Mise en ligne : 9 novembre 2005

Texte de l'article :

JUSTICE PENALE, UN TERRITOIRE PERDU DE LA REPUBLIQUE
PRISONS, UNE HUMILIATION DE LA REPUBLIQUE

Madame, Monsieur,

Comme parlementaire, vous savez, mieux que beaucoup, combien les efforts faits par le gouvernement actuel pour « sécuriser » le quotidien des français ont induit de dégâts sociaux qui coûtent très cher aux citoyens, tant éthiquement que financièrement.

Le résultat de ces efforts est une justice pénale aveuglée, qui remplit inconsidérement et pour longtemps les prisons.
 
Cette surpénalisation, qui dans un premier temps semble mieux satisfaire (si peu) les victimes, n’entraîne à terme que frustrations et exacerbation du désir de vengeance, ce qui est l’antithèse de la justice.

Cette surpénalisation, qui dans un premier temps fait chuter (si peu) le nombre des actes criminels, entraîne aussi l’augmentation des comportements déviants, les exclusions, la récidive, quand on sait comment sont traités les condamnés.

Vous-même ou vos prédécesseurs au Parlement aviez, dès 2002, tiré la sonnette d’alarme dans un rapport dont la célébrité n’a eu d’égal que l’inefficacité. Pourtant, la situation dans les prisons n’a fait qu’empirer : surpopulation, indigence, violences, racisme, suicides, viols ne sont que quelques « peines » supplémentaires qui attendent le détenu dans les maisons d’arrêt.

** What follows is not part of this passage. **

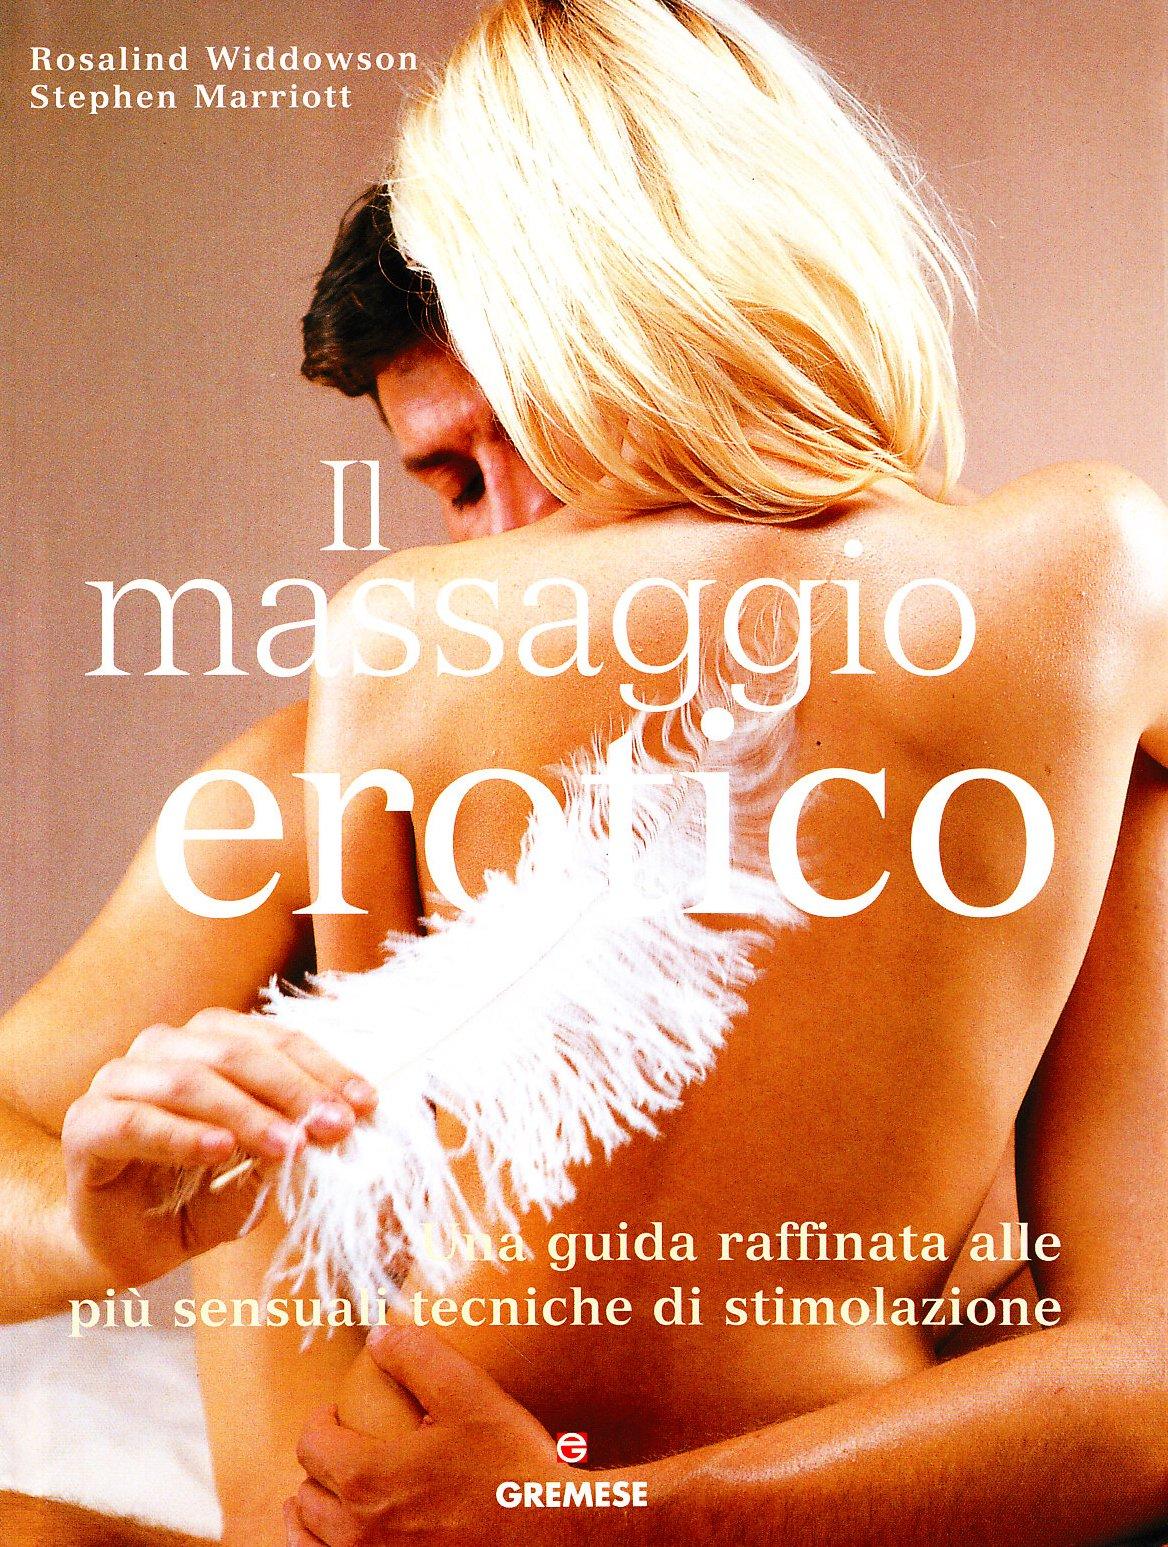 come+eseguire+un+massaggio+prostatico+sensuale+video+in+hd+download

Vous pensez peut-être que ce triste tableau est bien exagéré et que de grands efforts sont faits pour rendre moins indigne la vie carcérale. Pour vous convaincre du contraire et pour que vous agissiez ensuite au Parlement, nous vous proposons une opération d’immersion dans le milieu carcéral dont les trois objectifs sont complémentaires :
 1-rencontrer la réalité, aussi dure et cruelle soit-elle, et démontrer à la population que les élues et les elus nationaux s’impliquent personnellement pour que nos prisons ne soient plus une humiliation de la république.
 2-prendre la mesure du désastre financier et du gâchis bumain dans lesquels se débattent détenus et personnel pénitentiaire.
 3-obtenir un vécu du monde carcéral qui vous donnera une base concrète pour réformer efficacement le système pénal et carcéral.

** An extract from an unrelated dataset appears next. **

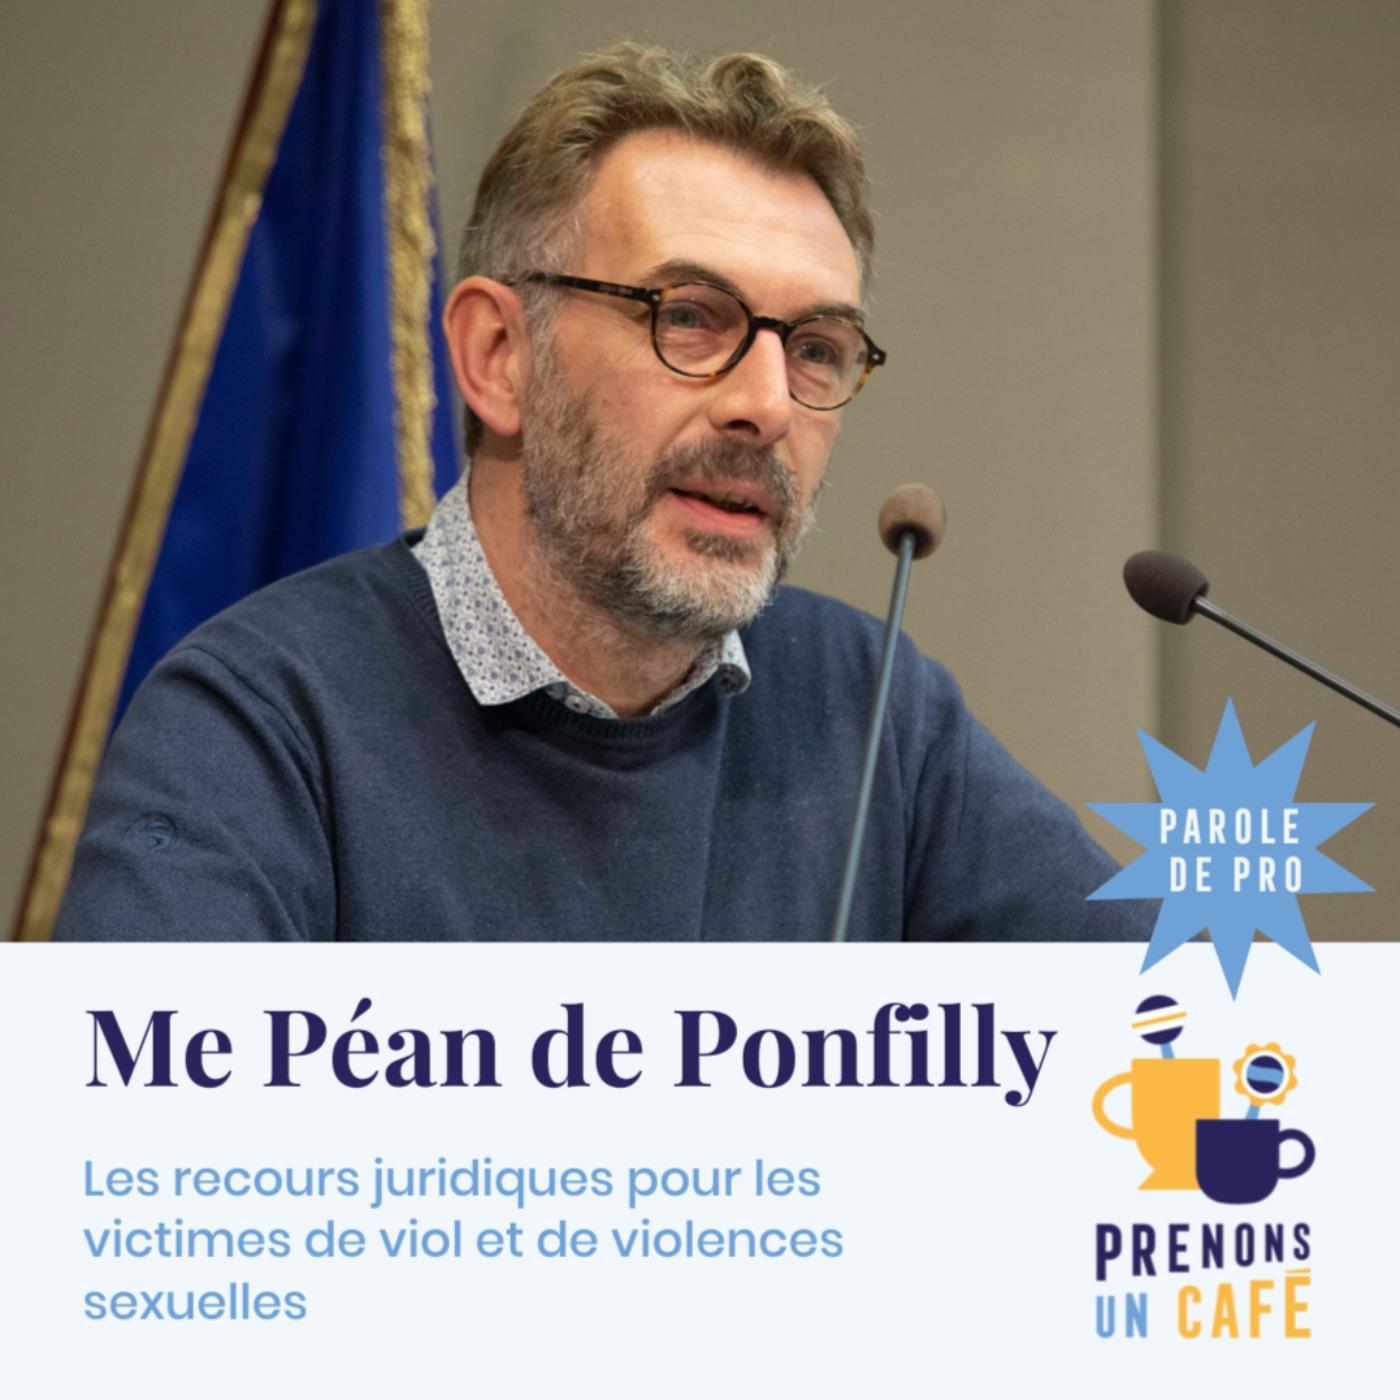 Parole de Pro - Maitre Péan de Ponfilly - Les recours juridiques pour les victimes de viols et de violences sexuelles

L’immersion courte que nous vous propossons page suivante nous semble la seule façon de vous former une opinion sur les mesures urgentes à prendre qui pourront améliorer considérablement l’existence de dizaines de milliers de personnes incarcérées, de milliers de personnels et d’intervenants en prison.

Enfin, au-delà de ces mesures d’urgence, des réformes de fond s’imposent :
 -différencier les régimes d’enfermement en redéployant les établissements actuels en centres de placement adaptés
-instaurer un contrôle extérieur indépendant de l’Administration pénitentiaire (elle-même le demande)
-réformer la justice pénale en développant la justice réparatrice dont les sanctions sont bien mieux acceptées par les délinquants et bien plus favorables aux victimes que l’incarcération.

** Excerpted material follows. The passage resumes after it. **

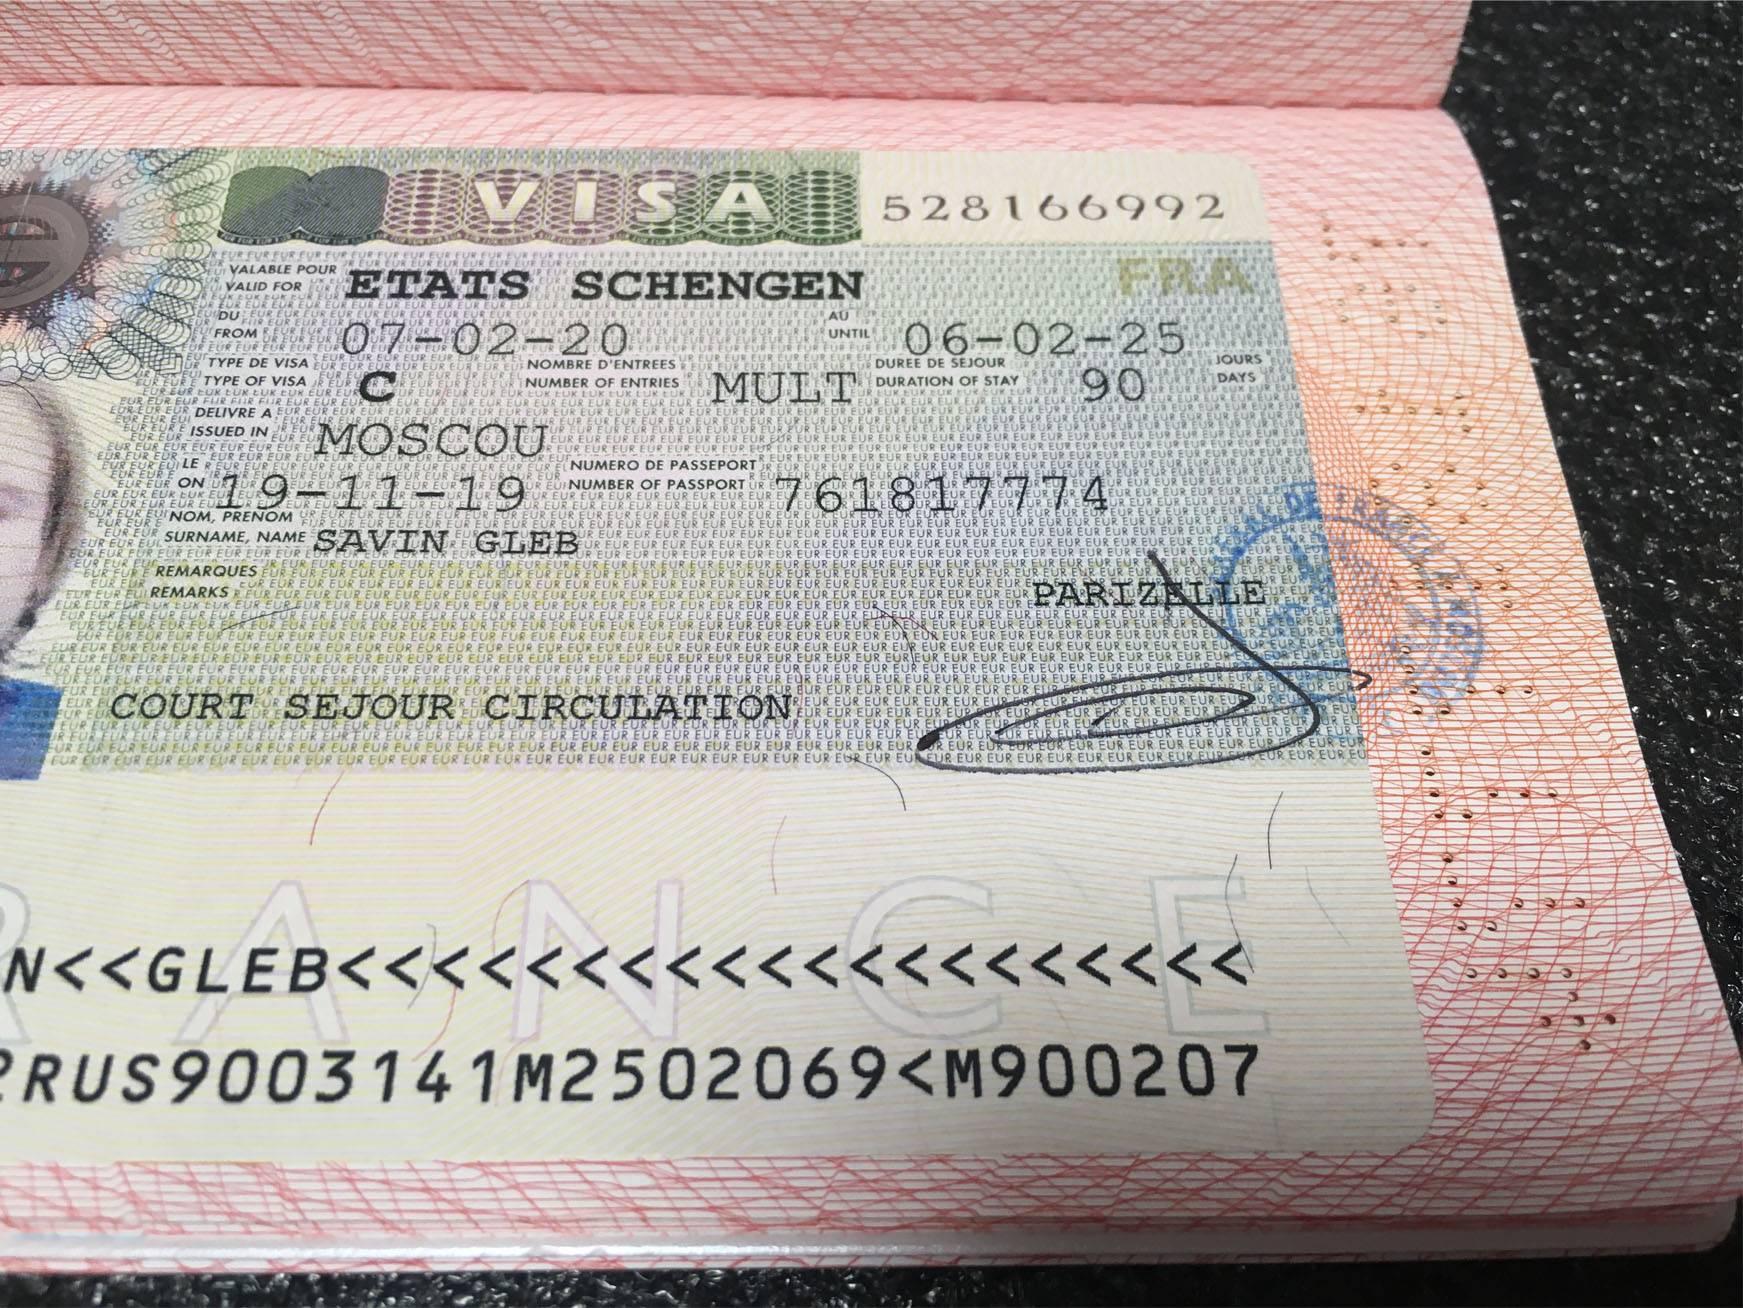 Виза во францию в 2021 году: инструкция по получению   provizu

Osez cette opération d’immersion de 2 jours, le peuple vous en sera reconnaissant.

 OPERATION PRISONS-REALITE

APPEL AUX PARLEMENTAIRES :

LA VISITE C’EST BIEN, L’IMMERSION C’EST MIEUX,
OU QUI AURA LE COURAGE DE VIVRE 2 JOURS EN CONDITIONS CARCERALES ?

Vous élus et élues, qui votez les lois de la république, vous avez le droit de visiter tout établissement pénitentiaire quand vous le voulez, mais les conditions de votre visite ne permettent qu’une analyse très partielle du quotidien de la vie carcérale.

Vivre deux jours en immersion dans une prison doit vous aider à prendre conscience qu’une politique du tout-carcéral génère toujours

- plus de misère morale, sociale, familiale, économique et culturelle
- plus de frustration, d’exclusion et de violence
 - plus d’insécurité
 - plus de dépenses publiques pour punir et non pour prévenir.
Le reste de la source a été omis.